Выбрать главу

В подобном взгляде на расплату присутствует нотка оптимизма. Можно принять на себя часть вины другого, можно тужить вместе с другим, тем самым ему помогая, избавляя от бед и напастей, служа любому, в ком видишь ты знамение добра и правды. Именно такое активное нравственное чувство вошло постепенно в содержание понятий о «туге». В конце концов слово туга исчезло, но глагол тужить остался в языке.

НУЖА И ЛИХО

Два следующих слова своим появлением обязаны той же идее «давления, понуждения», некоей внешней силе, которая постоянно давит и гнет. Это нуда (нужа, нужда) и лихо.

То, что нудит, нужда, — отталкивает и отгоняет; лихо — то, что отвержено и оставлено; в обоих случаях исконный словесный образ связан с выражением оставления, причем не по собственной воле.

Только одно греческое слово — ’ανάγκη ‘необходимость, неизбежность’ — переводится славянским нужа, а также (и даже чаще) выражением по нужи, нужею — по необходимости, насильно, помимо воли. «Жены ведоми быша въ плѣнъ, разлучаеми нужею от мужий своихъ» (Ипат. лет., 194об., 1170 г.); «а Володимера поя с собою во Угры опять, нужею отима добытокъ» (отняв добычу) (там же, 230, 1188 г.), и постоянно именно так. Кто-то «у нужи сей» болен, кто-то «клянется нужею», кто-то «отбѣгоша нужьныя смерти» — насильственной смерти. «Нужа дѣяти» так, а не иначе — тоже необходимая неизбежность жизни, совершенная по принуждению. Насильно, «нужею», выгоняют из града, выскакивают из осажденного города, кого-то волокут, дергают, хватают, грабят, снимают одежду, привлекают к ответу, удерживают в плену или ведут в плен, ссорятся, бегут или строят крепость, изнемогают от голода и жажды — целые описания можно построить на основе тех словесных сочетаний, которые со словами нужа, нужею, по нужи встречаются в старых рукописях. В великой нужи проходила жизнь средневекового человека, и все лихие ее повороты можно было описать одним этим словом. Многое зависит и от того, что «створилъ будеть — волею или нужею» (Кирилл, 91).

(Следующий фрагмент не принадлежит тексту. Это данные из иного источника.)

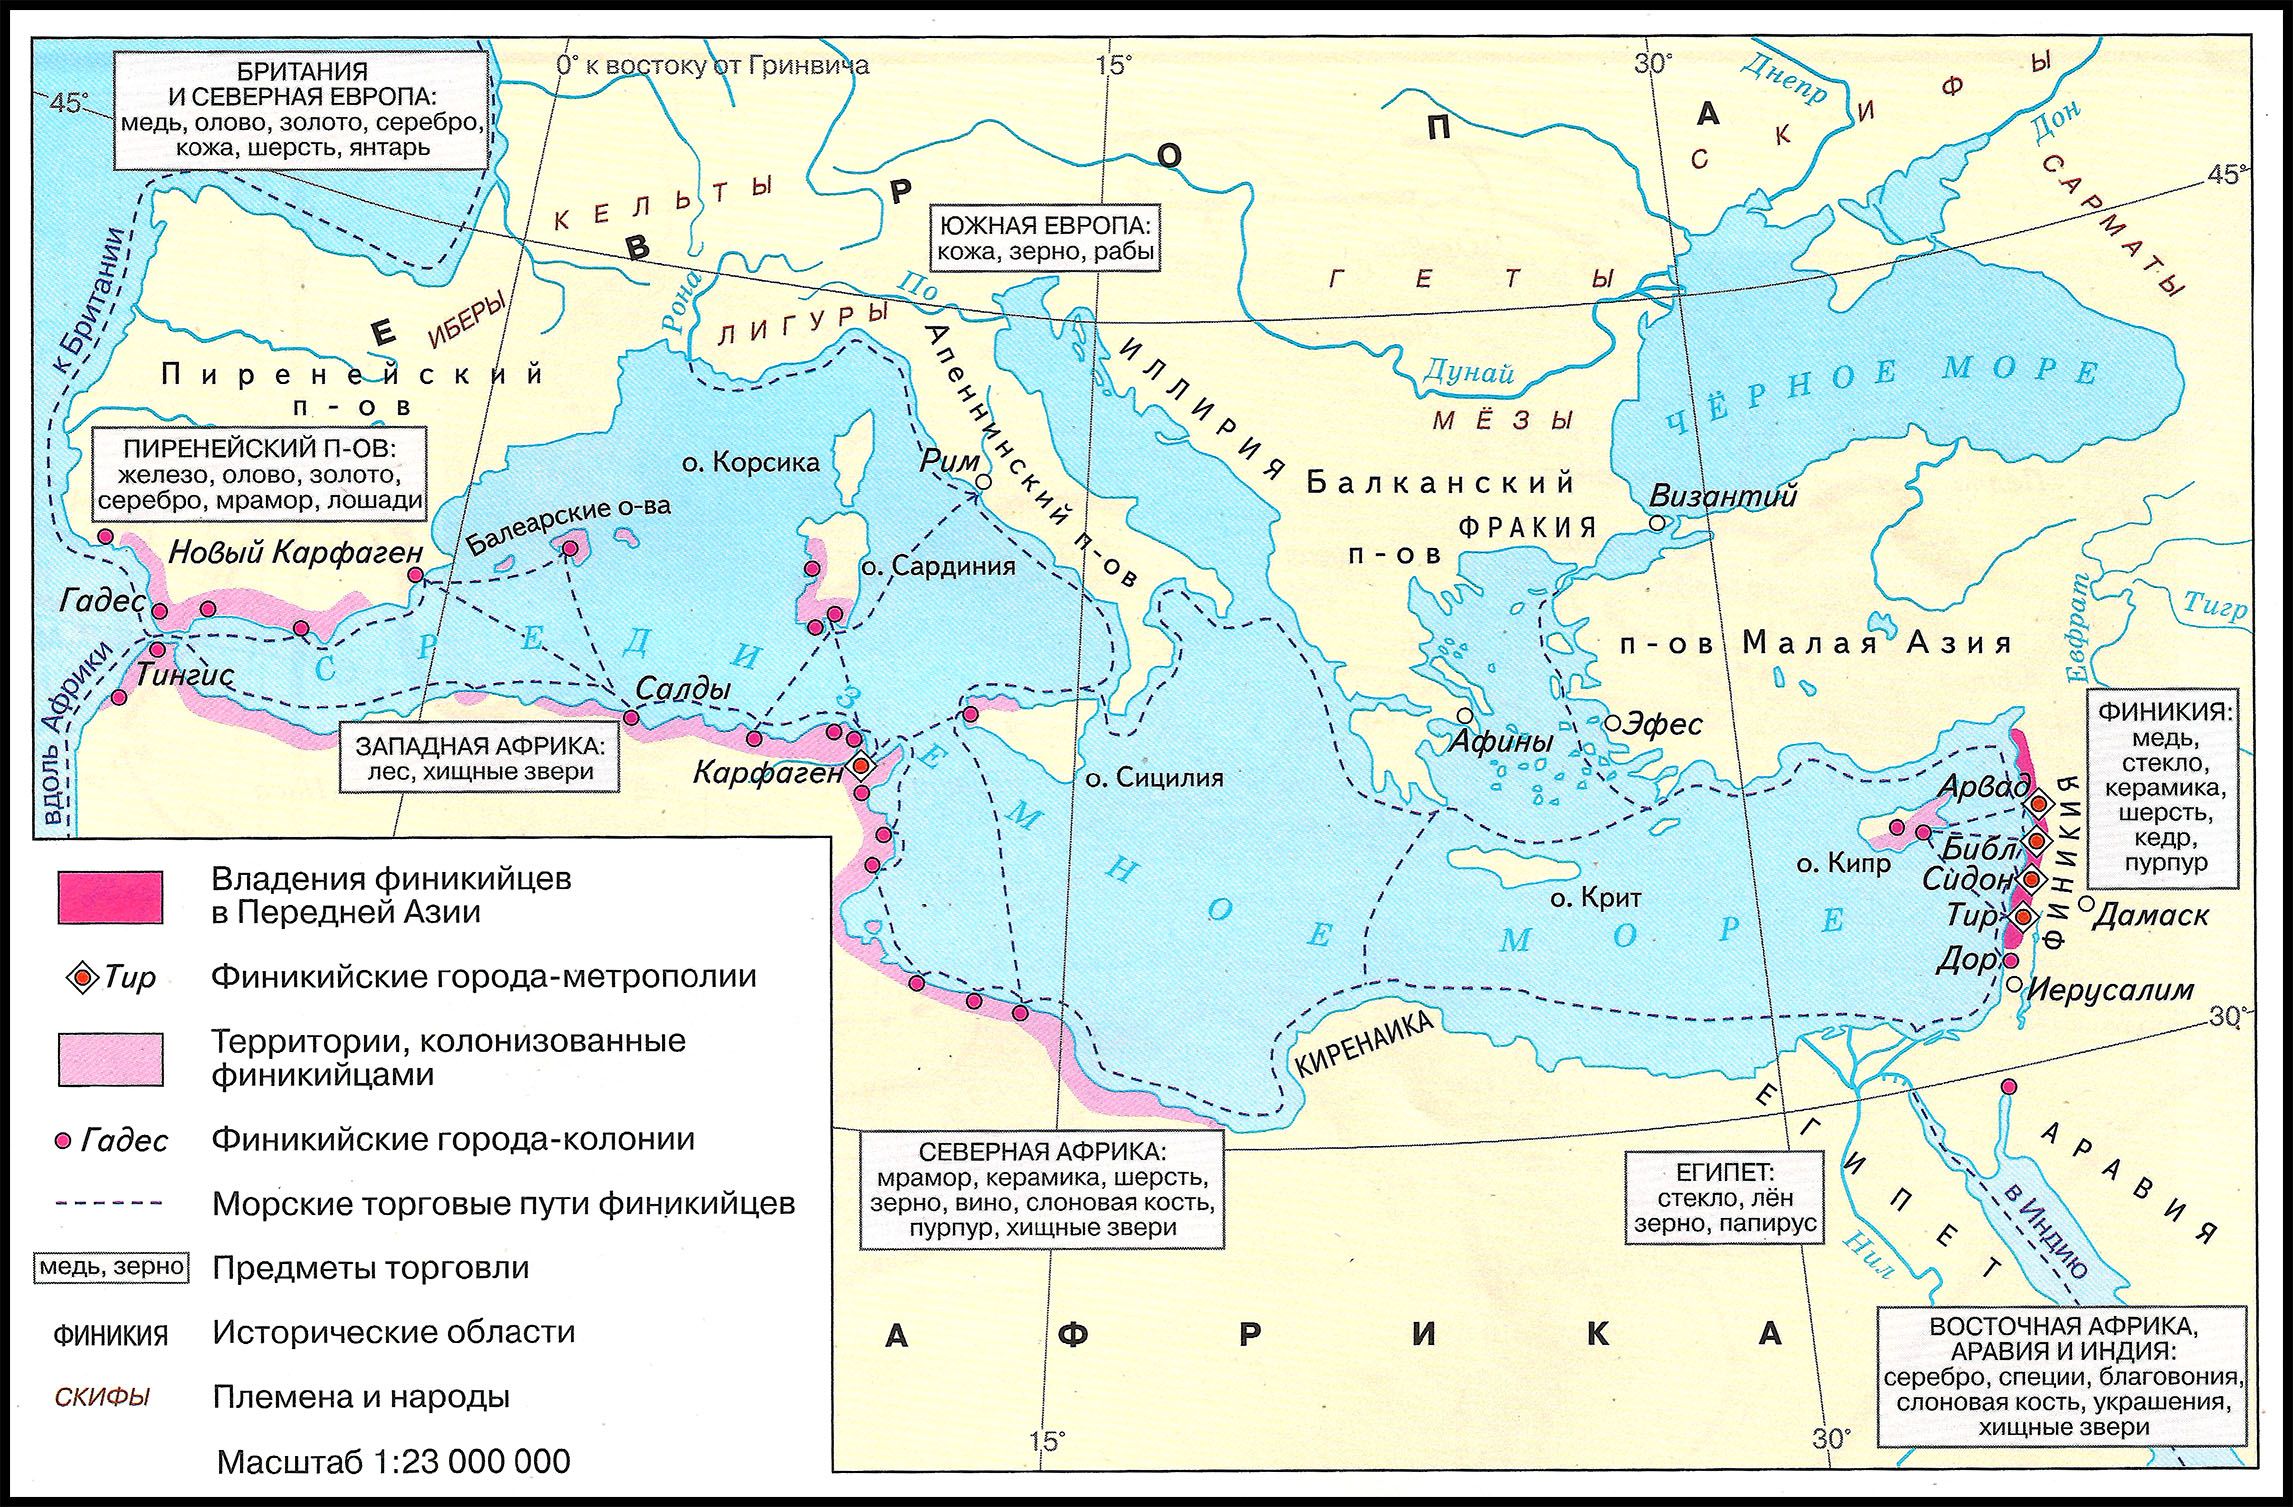 Финикийская колонизация и торговля, 800-600 гг. до н.э.

Обычно нужа заканчивается смертельным исходом, связана с гнетом враждебных сил, часто поминается вместе с бедою: «Како могу исповѣдати смертные труды, каку бѣду имуть, каку нужду?!» (Жит. Вас. Нов., 414) — вот обычное развитие общей темы, в которой повторением родственных по смыслу слов создается риторическое усиление: смертельные труды, и более того — беда неминучая, и того страшнее — нужда!

Нужный рабъ, нужная мука, нужная смерть, нужная вина, — все это указание на степень отсутствия личной свободы и Высшей воли, которые превращают нужду в бесконечную цепь лишений и тягот. Интересно уже и то, что слово нужда (в русском произношении нужа) в древнерусском языке как бы не имеет своей парадигмы склонения. Слово в различных формах рассыпано по падежам, которые возникают независимо друг от друга: нужа — одно, по нужи, нужею, без нужи — каждое что-то значит, и хотя мало чем отличается по смыслу от прочих форм, однако имеет и свое особое, очень конкретное значение, определяемое содержанием фразы. Каждая словоформа словно втягивает в свой смысл значение всего окружающего контекста, становится символом определенной ценности. Составители исторических словарей выделяют до двух десятков «значений» слова, переводя его на современный язык в соответствии со смыслом контекста. И совершают ошибку, поскольку каждое отдельное значение слова тесно связано с его определенной падежной формой.

Вдобавок, слово нужа часто соединяется с родственными по значению (и по стилю) словами, потому что само по себе слово нужа — слишком общее по смыслу, неопределенное. Оно зависит от смысла текста и не может служить связи с другими частями того же текста. Печаль и нужа, горе и нужа, скорбь и нужа... каждый раз отчетливо виден не только предел морального принуждения, но и то человеческое переживание, которое оно вызывает. Современного значения прилагательное нужный еще не имеет, по крайней мере до XV в.: «Всѣхъ брашенъ нужднѣиши хлѣбъ» (Нил, 64). Чаще всего оно означает ‘стремительный, сильный’, ‘труднодостижимый’, ‘насильственный’, ‘вынужденный’, ‘тягостный, трудный’ и т.д. (СлРЯ, 11, с. 443-444).